When Gleason played, he was easily recognizable by the long curly locks of light brown hair dangling from his helmet, and was a favorite among fans and teammates for the flair with which he played and lived.
In 2006, his last season playing before spending 2007 on injured reserve, he was third on the Saints in special teams tackles with 14. His blocked punt in the victory over Atlanta on Sept. 25, 2006, was the fourth block of his career.
Saints coach Sean Payton said the crowd's reaction was "probably the loudest I've ever heard any stadium -- ever."
Cleveland linebacker Scott Fujita, who played in New Orleans from 2006-09, said the play was his "most electric sports memory," and drove home how important the Saints' return to the city really was.
Gleason used the term, "infinite joy," to describe what he felt in that moment.
Fujita, who remains friends with Gleason, has been both saddened by Gleason's condition and uplifted by his enduring sense of humor and zest for life.
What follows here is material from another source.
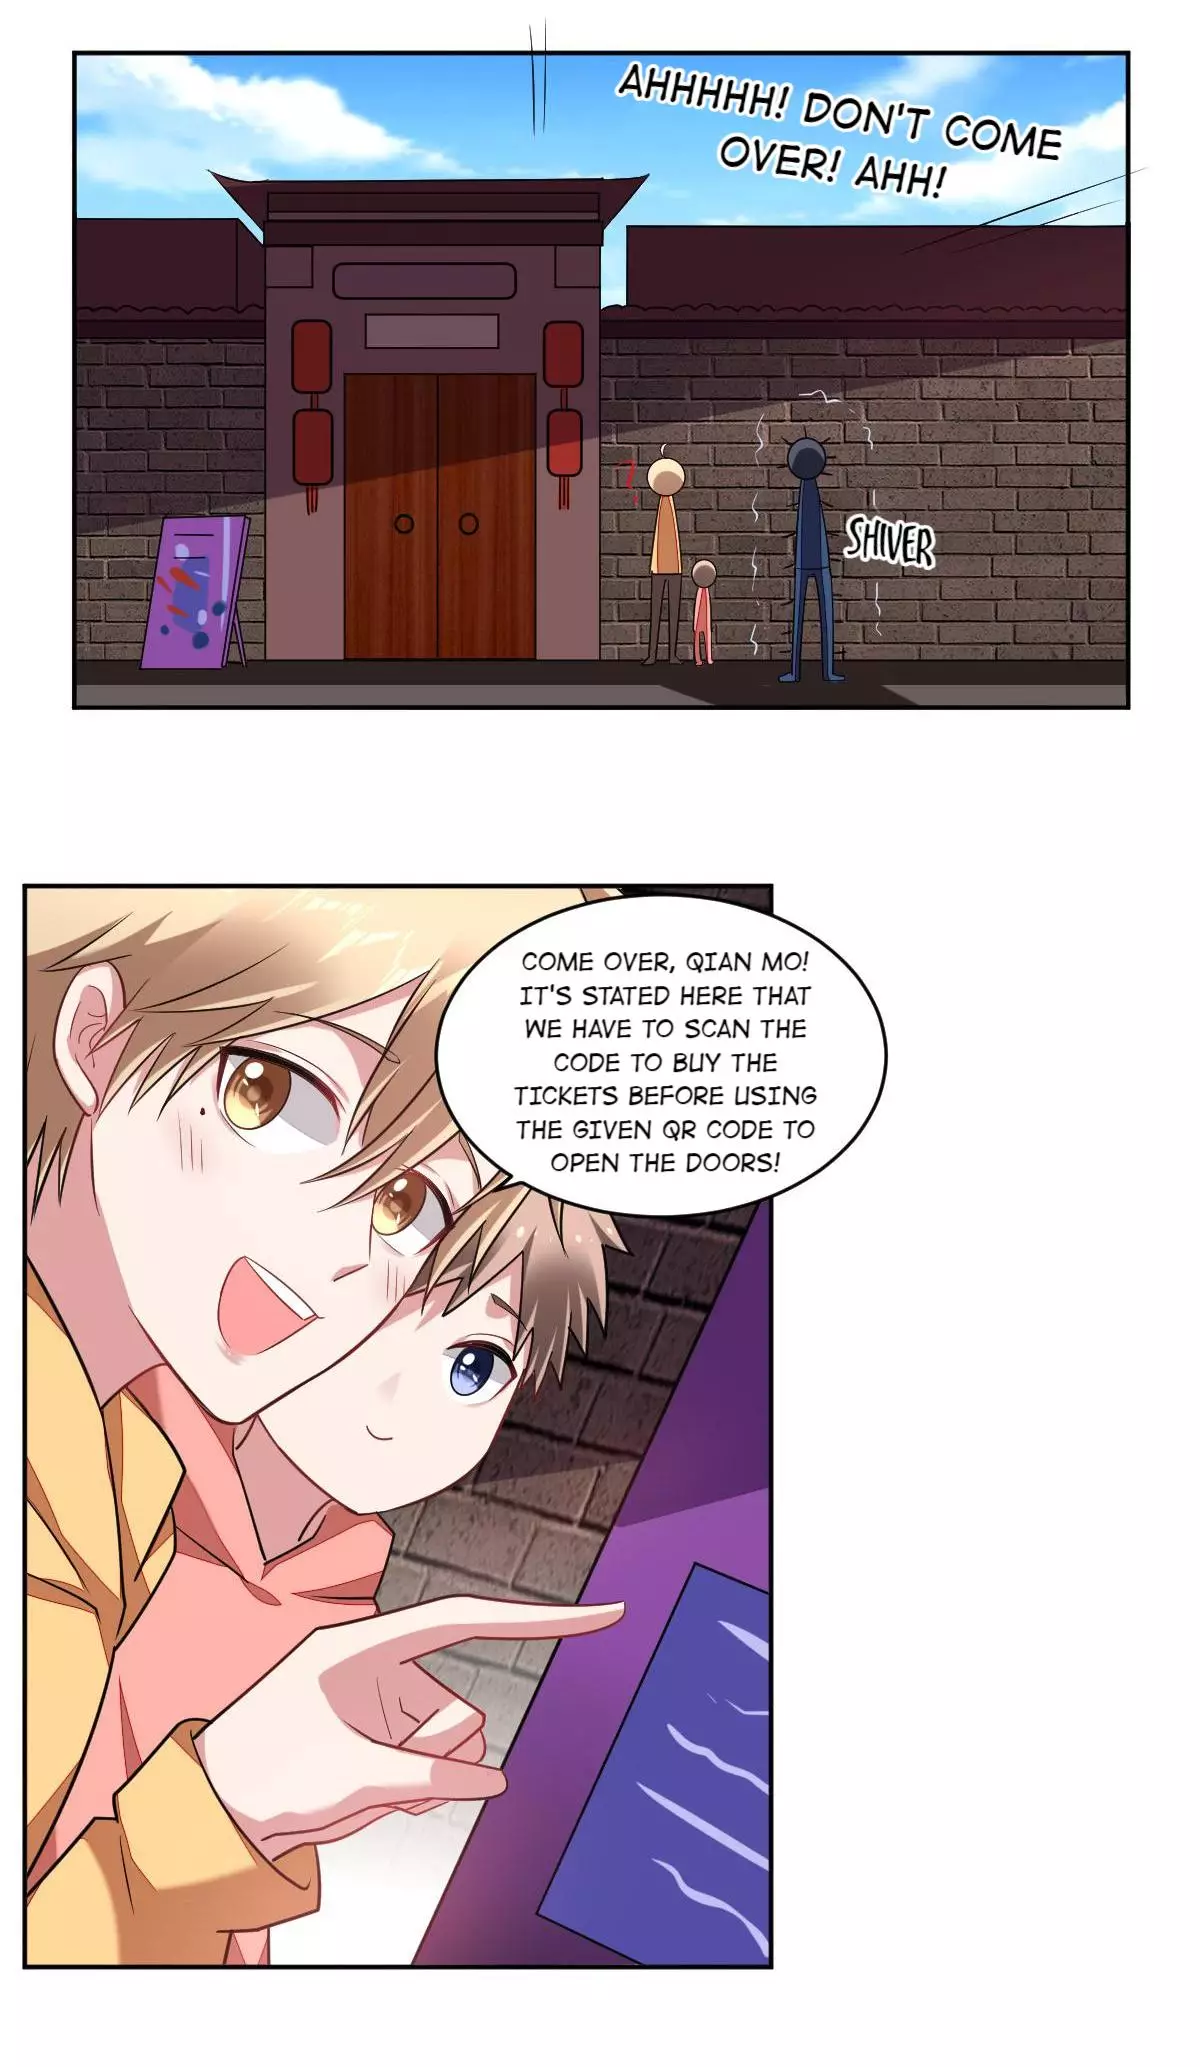 No Rejection Allowed - 119 page 2-8f7b7c97

"He even said to some of us on the phone that he views this as an exciting challenge and opportunity," Fujita said. "Steve's one of the few people I think in this situation who could say something like that and actually mean it."
Because scientific studies have shown increasing links between brain disease, such as dementia, and the frequency of concussions among football players, Gleason cannot help but wonder if his football career had something to do with his condition.
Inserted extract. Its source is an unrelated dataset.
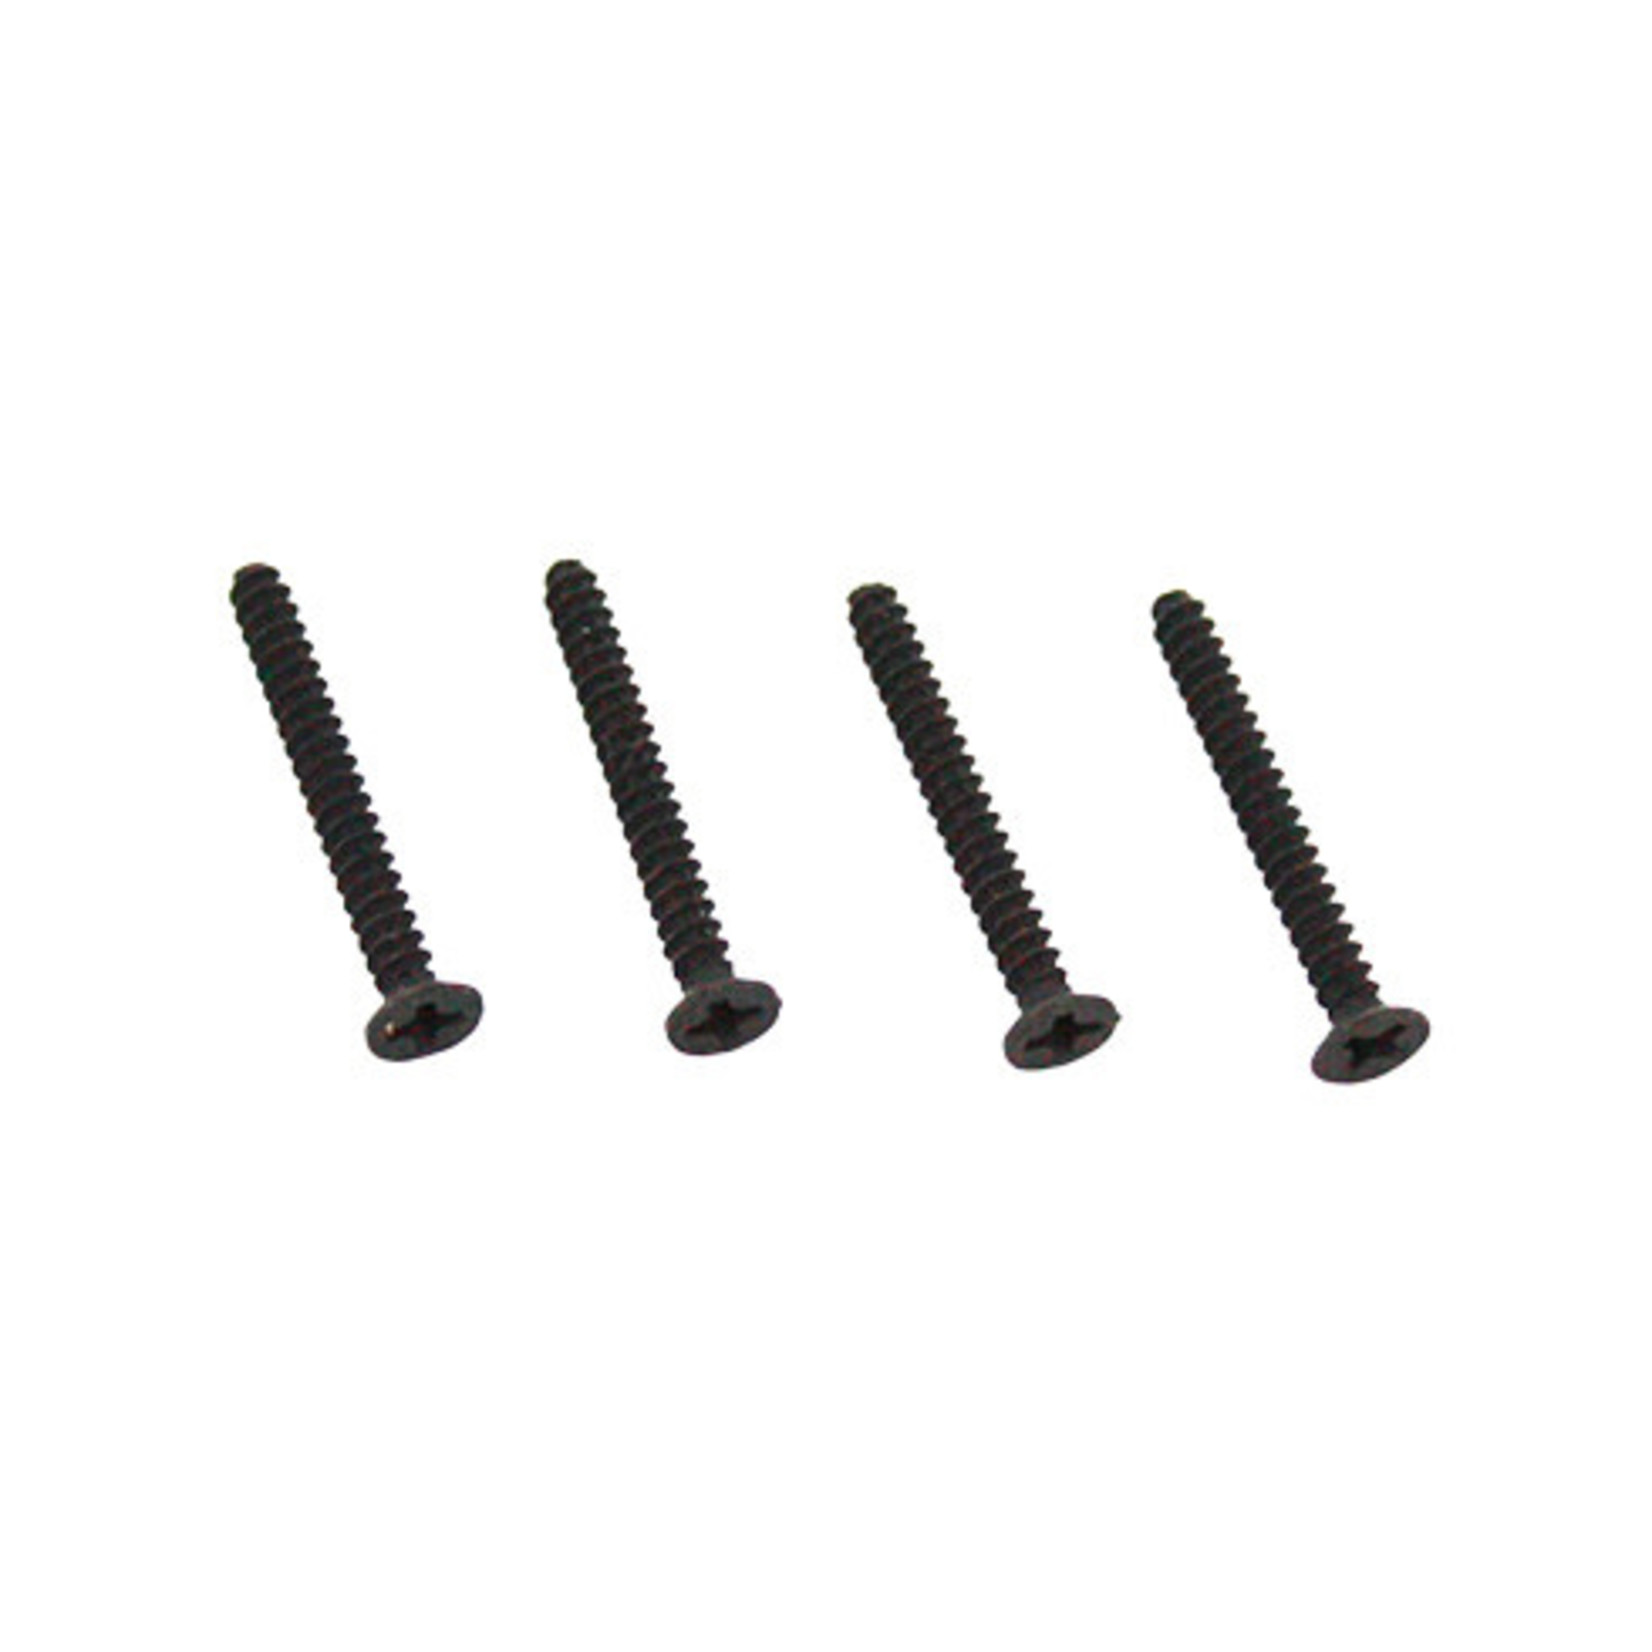 Redcat Racing 3x25mm Countersunk Phillips Self Tapping Screws (4pcs)

Yet the question of whether he regrets playing football is a complicated one. He cannot be certain that he would have been spared from ALS had he never played football.
He also cherishes the friendships and experiences he gained from his NFL career.
"It was amazing. I got this incredible adventure," Gleason said. "I did all these things most boys grow up dreaming to do."
Dr. Steve Perrin, the chief scientific officer at the ALS Therapy Development Institute in Cambridge, Mass., said he is aware of 27 cases of NFL players being diagnosed with ALS, which is much higher than any other major American pro sport. However, he stressed that a conclusive link between concussions in sports and ALS has been tough to prove. He noted, for example, that there are no documented cases of NHL players with ALS, which remains a relatively rare disease in general.
At this point, Gleason said he is more concerned with how he'll live with ALS than how he got it.
For now, he can still walk without a cane, however gingerly, and enjoy dinners out with family and friends, though he sometimes needs help pulling a shirt on, washing his hair or cutting a steak.
Talking is getting harder as well, so Gleason has been working on a video library in which he shares his most poignant memories and life lessons, both good and bad. He hopes the videos will allow his child to know him as he was before his symptoms made it more difficult for him to move or speak.
"Especially here in New Orleans, most of the people that my child will encounter, if I'm not here, will say, 'Your dad was amazing and he had this great football career, he was a hero for the city,' and almost in a sense build kind of a mythical image of me," Gleason said. "So what I've tried to do is sit down and really explain some of the struggles I've gone through and the less desirable parts of myself. ... I want them to know I went through a lot of the same things they went through. And I've had to go through one of the hardest things a person can go through, but hopefully shown the courage and grace and joy you can still have despite these circumstances."